Outer.create_module() # => "Hello from inner!"
Outer.Inner.greet() # => "Hello from inner!" (accessible!)

# Check module exports
Example.module_info(:exports) # => [hello: 0, module_info: 0, module_info: 1]

# Module defined with Macro
defmodule Dynamic do
  Module.register_attribute(__MODULE__, :custom_attr, persist: true)
  @custom_attr "custom value"

  def get_attr do
    @custom_attr
  end
end

Dynamic.get_attr() # => "custom value"

Key Takeaway: Modules compile to BEAM bytecode when defined. Module attributes are compile-time constants. Use Code.ensure_loaded?/1 to check loading status. In production, modules are compiled once; in IEx, redefinition is allowed for development.

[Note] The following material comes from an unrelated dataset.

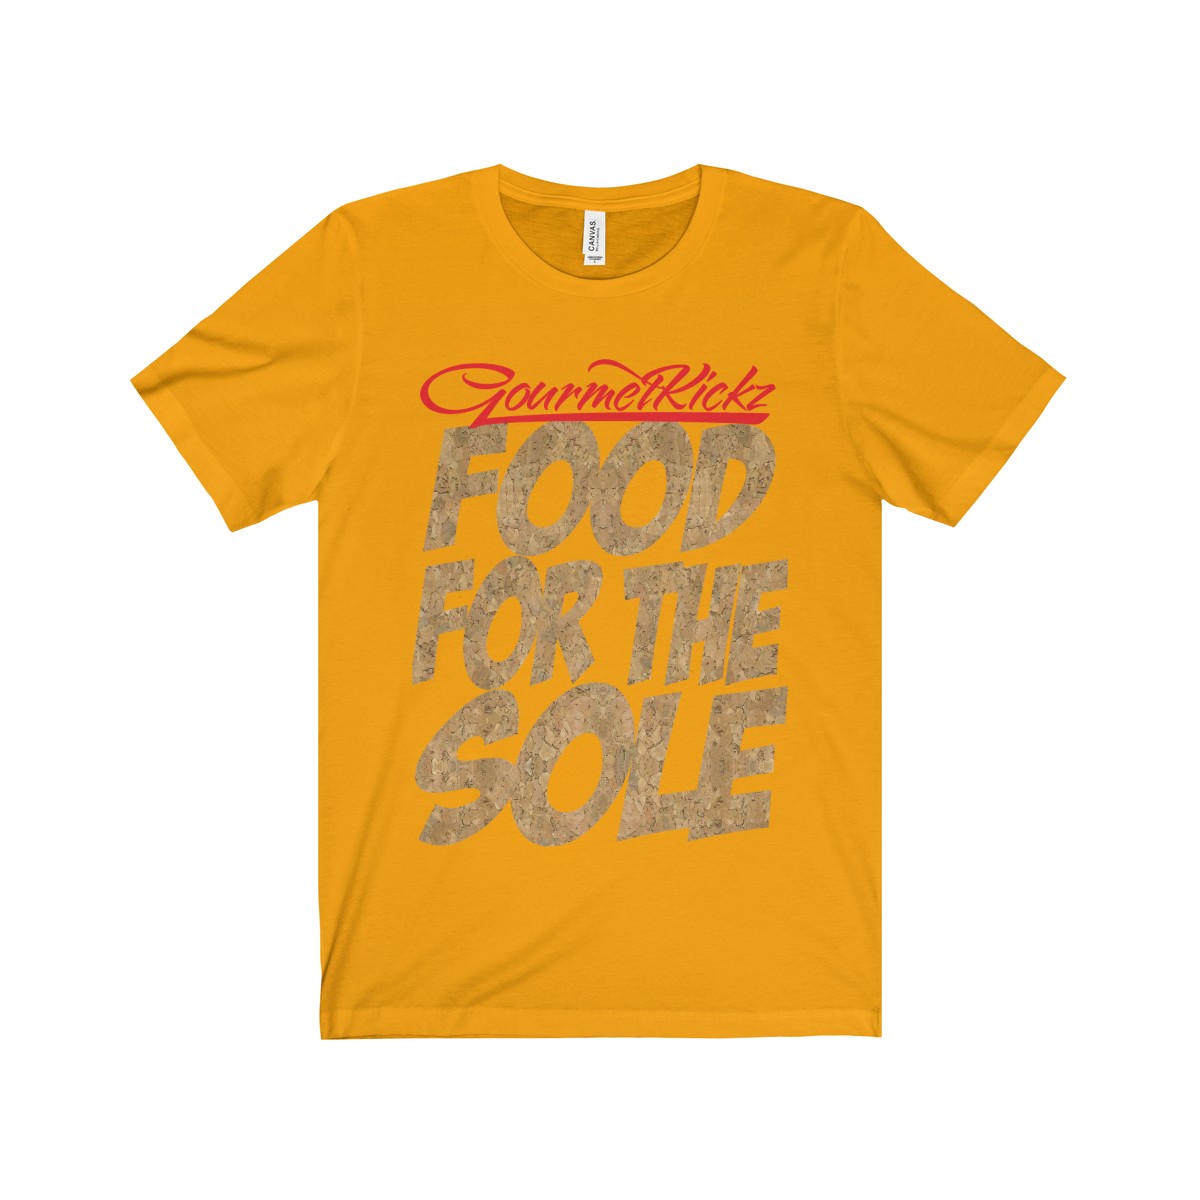 LeBron Sneaker ColorwayMatch T-Shirt | Cork Food for the Sole

Why It Matters: Ranges are memory-efficient iterators that don’t materialize elements until consumed. 1..1_000_000 creates a tiny struct, not a million-element list. In production, this enables pagination (Enum.slice(1..total_pages, start, length)) and lazy batch processing where Stream.chunk_every(1..billion, 10_000) processes data in constant memory, unlike languages where range(billion) allocates gigabytes upfront.


Example 24: IEx Basics and Helpers

IEx (Interactive Elixir) is the REPL for running Elixir code interactively. It provides helpers for documentation, introspection, compilation, and debugging.

Code:

# Basic IEx helpers (run in IEx)

# h - Help for modules and functions
h(Enum) # => Shows documentation for Enum module
h(Enum.map) # => Shows documentation for Enum.map/2
h(Enum.map/2) # => Same, explicit arity

# i - Information about data types
i(42) # => Shows: Term: 42, Data type: Integer, Reference modules: Integer
i("hello") # => Shows: Term: "hello", Data type: BitString (binary)
i([1, 2, 3]) # => Shows: Term: [1, 2, 3], Data type: List

# v - Retrieve previous results
1 + 1 # => 2
v(1) # => 2 (gets result from line 1)
v(1) * 10 # => 20

v() # => Gets last result
v(-1) # => Same as v()
v(-2) # => Second-to-last result

# c - Compile file
# c("path/to/file.ex") # => Compiles and loads module

# r - Recompile module
# r(MyModule) # => Recompiles module from source

# s - Print spec information
defmodule TypedModule do
  @spec add(integer(), integer()) :: integer()
  def add(a, b), do: a + b
end

# s(TypedModule.add) # => Shows type spec

# t - Print types
# t(String) # => Shows String types

# b - Print callbacks
# b(GenServer) # => Shows GenServer callbacks

# exports - List module functions
exports(Enum) # => Lists all Enum functions: [at: 2, count: 1, ...]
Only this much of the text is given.